2. Let's rewrite LHS in 'Dyson style': it's the constant term of $$ (-1)^{a+b+c}\frac{(x-y)^{a+b}(y-z)^{b+c}(z-x)^{c+a}}{x^{2a}y^{2b}z^{2c}}. $$ But now the recurrence follows immediately from the identity $$ \frac{y^2}{(x-y)(y-z)}+\frac{z^2}{(y-z)(z-x)}+\frac{x^2}{(z-x)(x-y)}=-1 $$ (which is due to Euler, I believe).

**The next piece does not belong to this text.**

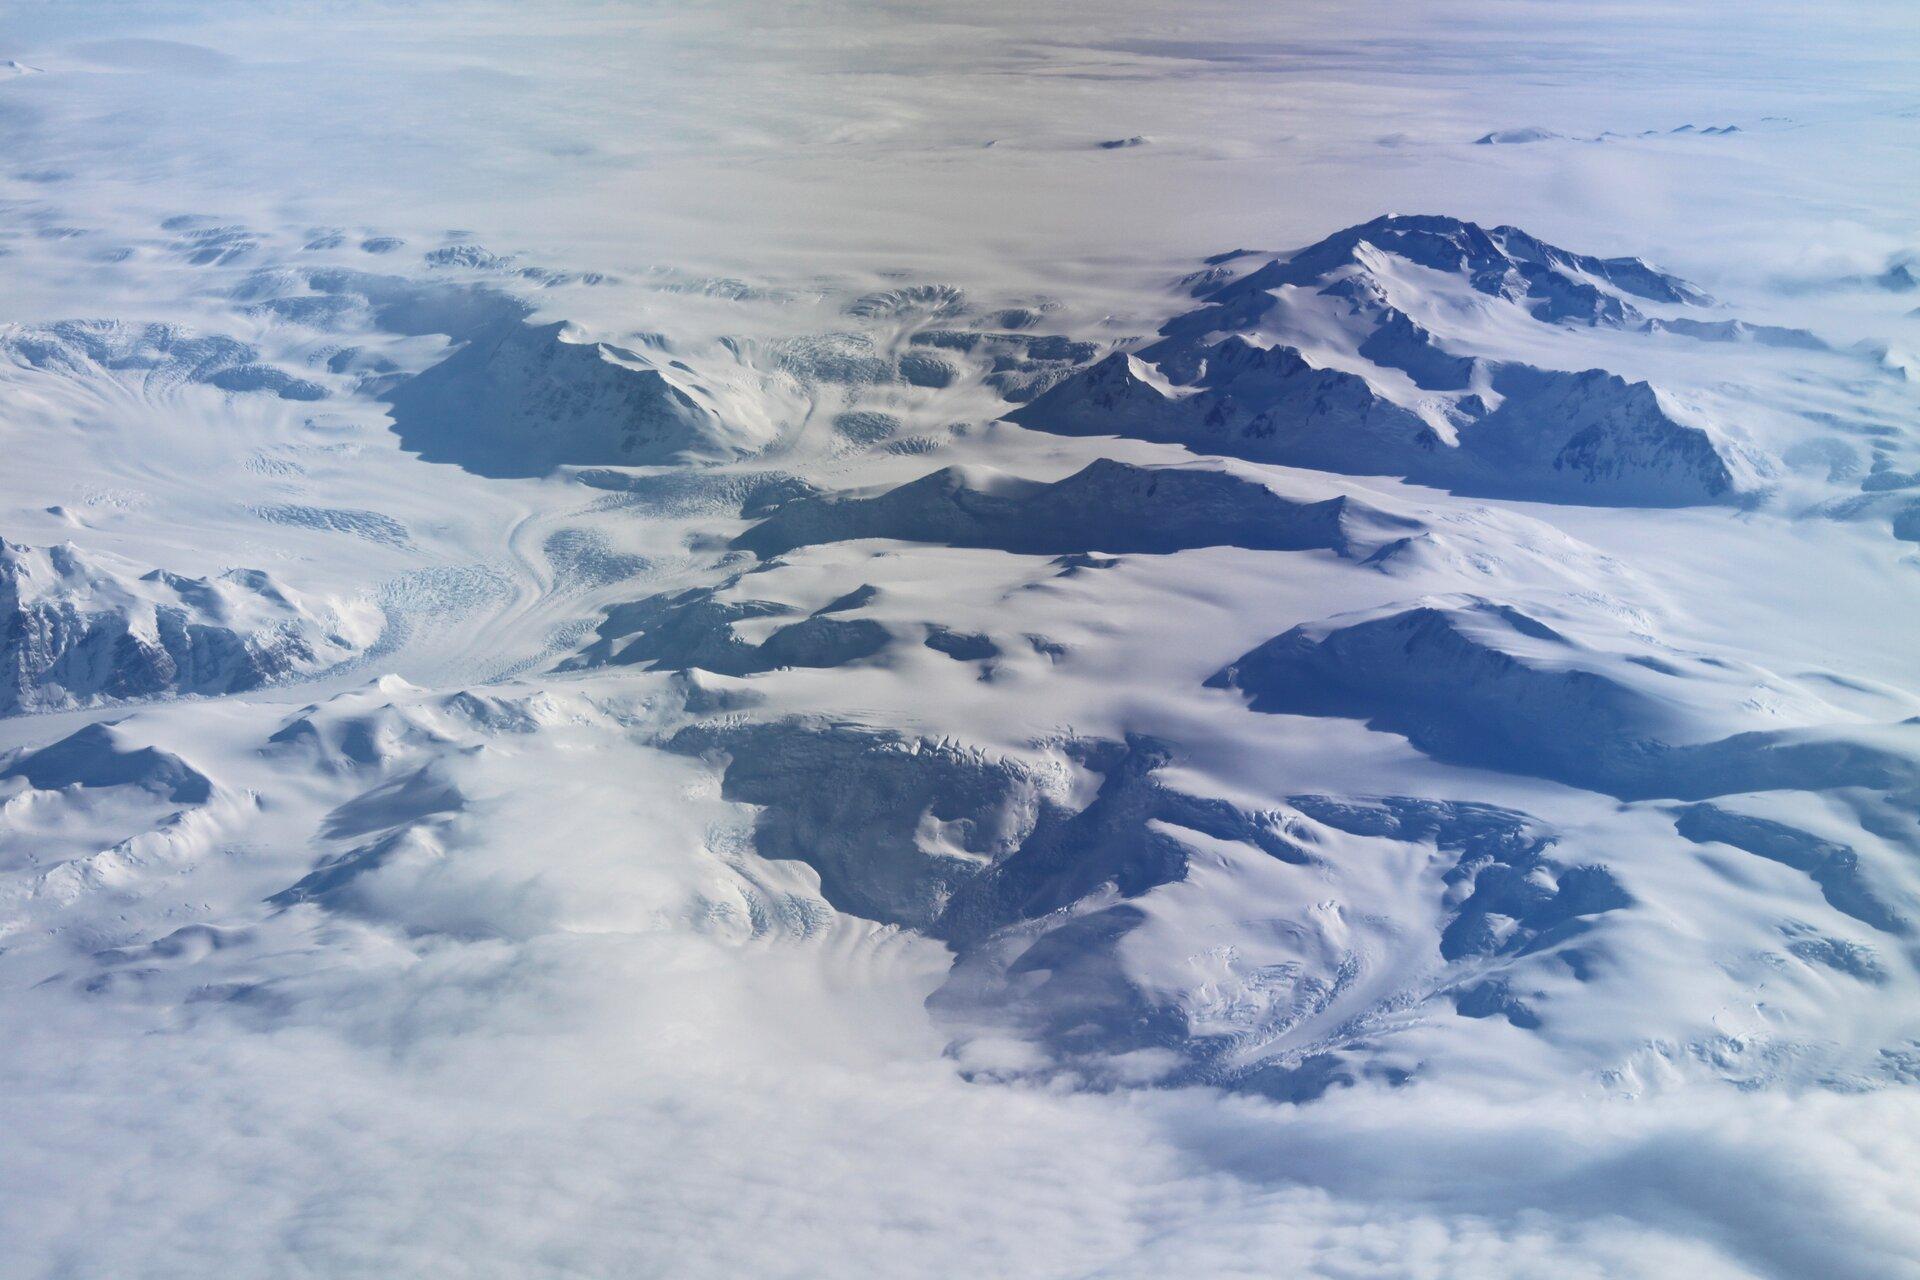 Fotografia prezentuje górzysty krajobraz lodowy na Antarktydzie.
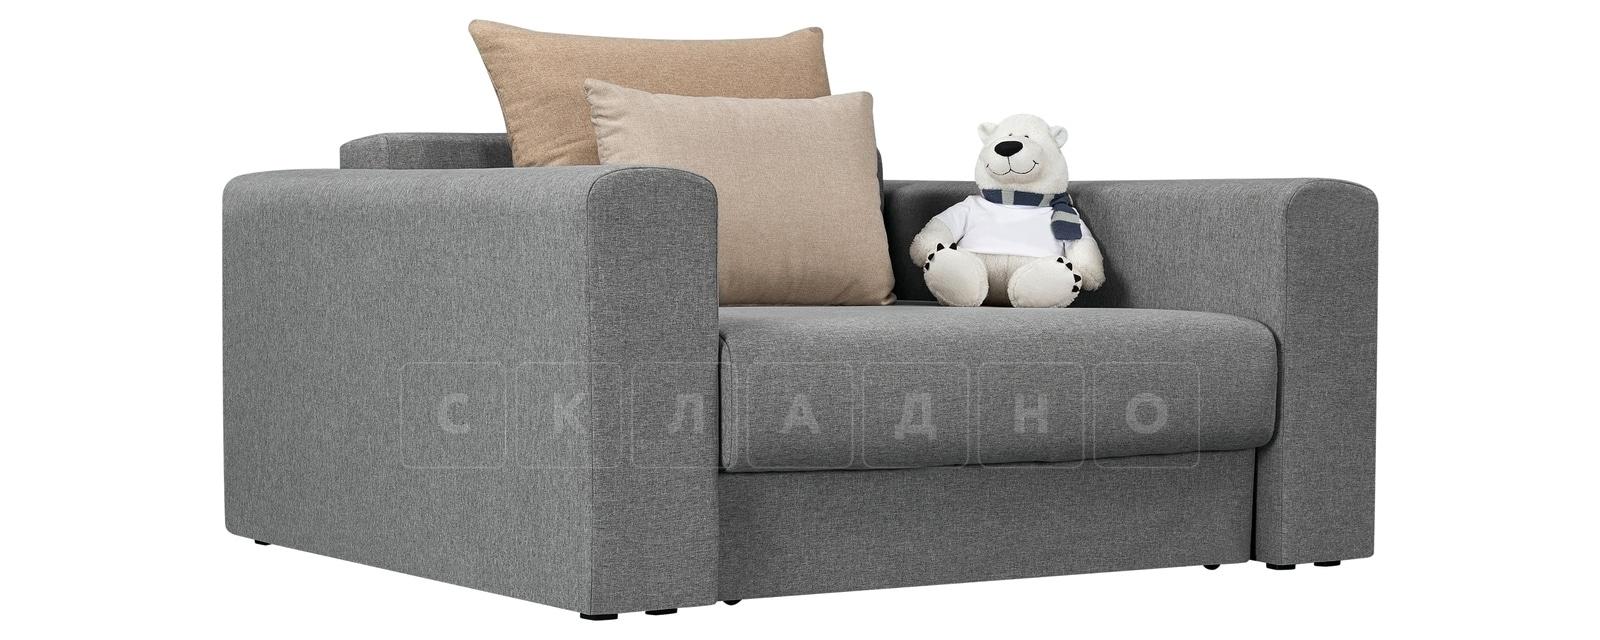 Кресло Медисон 100 см серого цвета фото 1 | интернет-магазин Складно

$^\dagger$‘Good’ as in ‘I.J.Good. Short Proof of a Conjecture by Dyson’

Solution 3:

This is not a (full) answer, but it won't fit to a comment (and I hope it can be finished; but I also hope that there is a much simpler solution). The LHS is the coefficient $C_{2n}$ at $1$ in $((1-z)(1-w)(1-(zw)^{-1}))^{2n}$. We have $$C_n=\frac{1}{(2\pi i)^2}\oint\oint((1-z)(1-w)(1-(zw)^{-1}))^{n}\frac{dz}{z}\frac{dw}{w}$$ (we integrate over the unit circles). Let us compute $F(t):=\sum_n C_n t^n$. We just sum a geometric series and get

$$F(t)=\frac{1}{(2\pi i)^2}\oint\oint\frac{1}{zw-t(1-z)(1-w)(zw-1)}dz\,dw.$$ Let's compute the integral wrt. $z$ using residues. In the denominator we have a quadratic polynomial in $z$ with one root in the unit disk, so the residue is $\sqrt{}$ of its discriminant, and we get (modulo calculation mistakes) $$F(t)=\frac{1}{2\pi i}\oint\frac{1}{\sqrt{(w+t(w^2-1))^2-4t^2w(1-w)^2}}dw.$$ Under the square root we have a quartic polynomial in $w$, hence $F(t)$ is a complete elliptic integral of the first kind. Now we need to bring it to the normal form, or compute its Taylor series directly; at least for now I lack the energy to do it.